Interest Rate Adjustments

§83-23-205(2)(b)(iii). Guaranty Association excludes from coverage: A portion of a policy or contract to the extent that the rate of interest on which it is based, or the interest rate, crediting rate or similar factor determined by use of an index or other external reference stated in the policy or contract employed in calculating returns or changes in value: 1. Averaged over the period of four (4) years prior to the date on which the member insurer becomes an impaired or insolvent insurer under this article, whichever is earlier, exceeds the rate of interest determined by subtract-ing two (2) percentage points from Moody's Corporate Bond Yield Average averaged for that same four-year period or for such lesser period if the policy or contract was issued less than four (4) years before the member insurer becomes an impaired or insolvent insurer under this article, whichever is earlier; and 2. On and after the date on which the member insurer becomes an impaired or insolvent insurer under this article, whichever is earlier, exceeds the rate of interest determined by subtracting three (3) percentage points from Moody's Corporate Bond Yield Average as most recently available; (Amended effective 3/17/2014)

Tax Offsets

§83-23-218(1). Yes. Prior to July 1, 1993, up to 25% of amount of assessment may be offset for the next two succeeding years; covers all but administrative expenses. After July 1, 1993, up to 20% of amount of assessments over the succeeding 5 years may be offset.
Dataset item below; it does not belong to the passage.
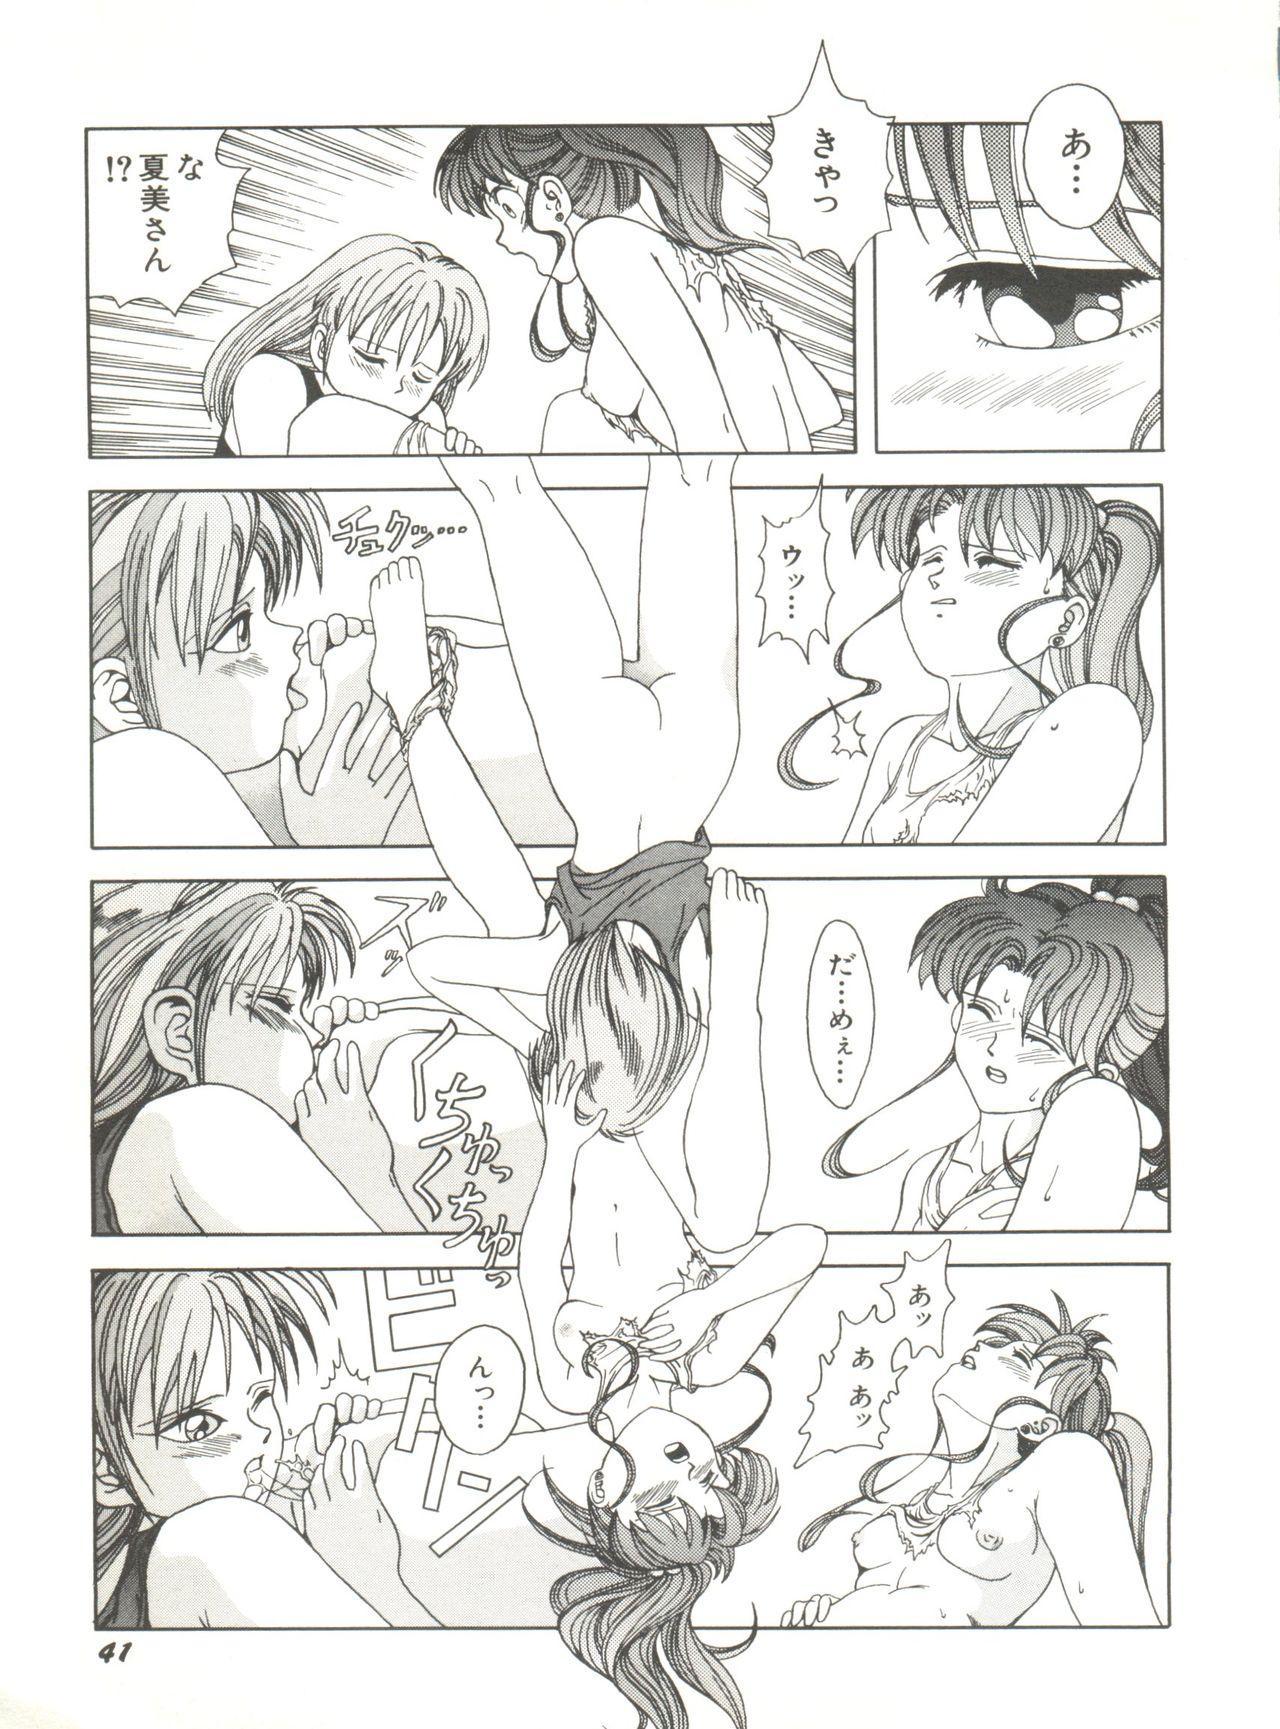 Bishoujo Doujinshi Anthology 12 - Moon Paradise 7 Tsuki no Rakuen 45
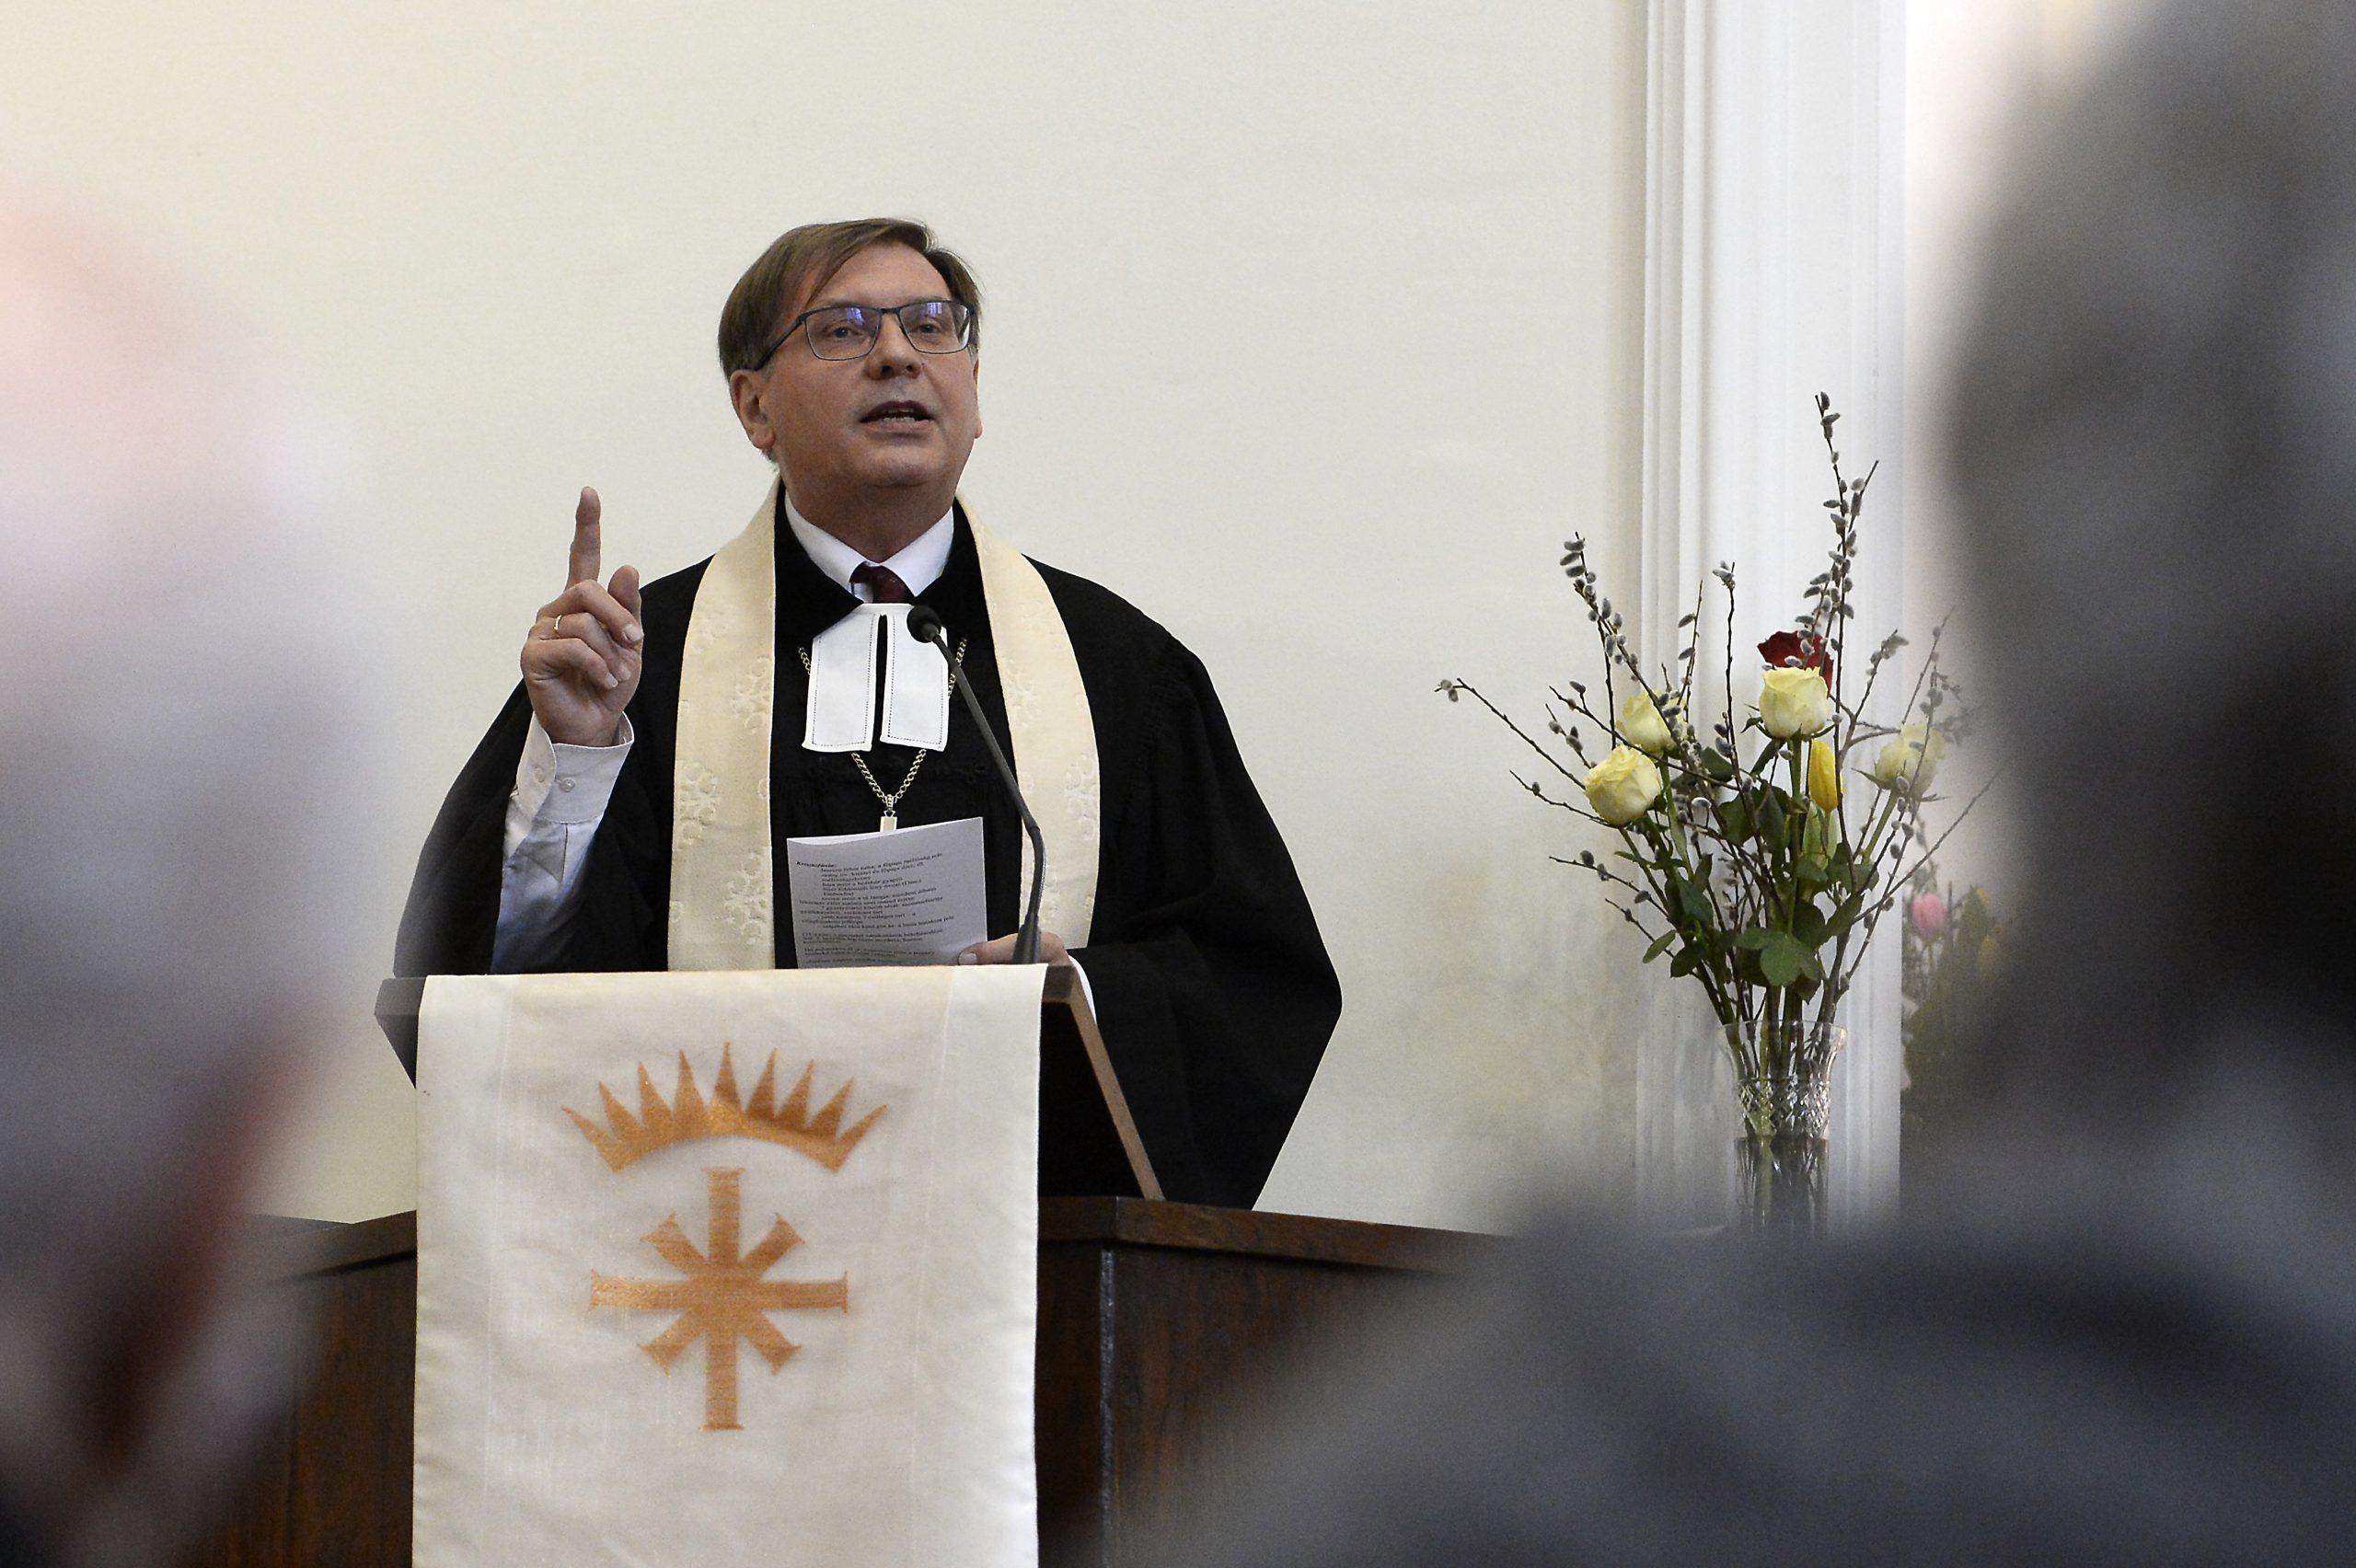 Bischof Fabiny:

Carryover is allowed where the offset is less than 20%, until offset is fully used.

Definition of Premium

§ 83-23-209 (q) “(q) "Premiums" means amounts or considerations (by whatever name called) received on covered policies or contracts less returned premiums, considerations and deposits, and less dividends and experience credits. "Premiums" does not include amounts or considerations received for policies or contracts or for the portions of policies or contracts for which coverage is not provided under Section 83-23-205(2), except that assessable premium shall not be reduced on account of Sections 83-23-205(2)(b)(iii) relating to interest limitations and 83-23-205(3) (b) relating to limitations with respect to one (1) individual, one (1) participant and one (1) contract owner. "Premiums" shall not include: (i) Premiums in excess of Five Million Dollars ($ 5,000,000.00) on an unallocated annuity contract not issued under a governmental retirement benefit plan (or its trustee) established under Section 401, 403(b) or 457 of the United States Internal Revenue Code; or (ii) With respect to multiple nongroup policies of life insurance owned by one (1) owner, whether the policy owner is an individual, firm, corporation or other person, and whether the persons insured are officers, managers, em-ployees or other persons, premiums in excess of Five Million Dollars ($ 5,000,000.00) with respect to these policies or contracts, regardless of the number of policies or contracts held by the owner. (Amended effective 3/17/2014)

Advertising Prohibition

§83-23-235 “Use of association's name to advertise; statement of purpose and limitations of article; attachment to contracts; disclaimer” (1) No person, including an insurer, agent or affiliate of an insurer shall make, publish, disseminate, circulate or place before the public, or cause directly or indirectly, to be made, published, disseminated, circulated or placed before the public in any newspaper, magazine or other publication, or in the form of a notice, circular, pamphlet, letter or poster, or over any radio station or television station, or in any other way, any advertisement, announcement or statement, written or oral, which uses the existence of the Insurance Guaranty Association of this state for the purpose of sales, solicitation or inducement to purchase any form of insurance covered by the Mississippi Life and Health Insurance Guaranty Association Act. However, this § shall not apply to the Mississippi Life and Health Insurance Guaranty Association or any other entity which does not sell or solicit insurance.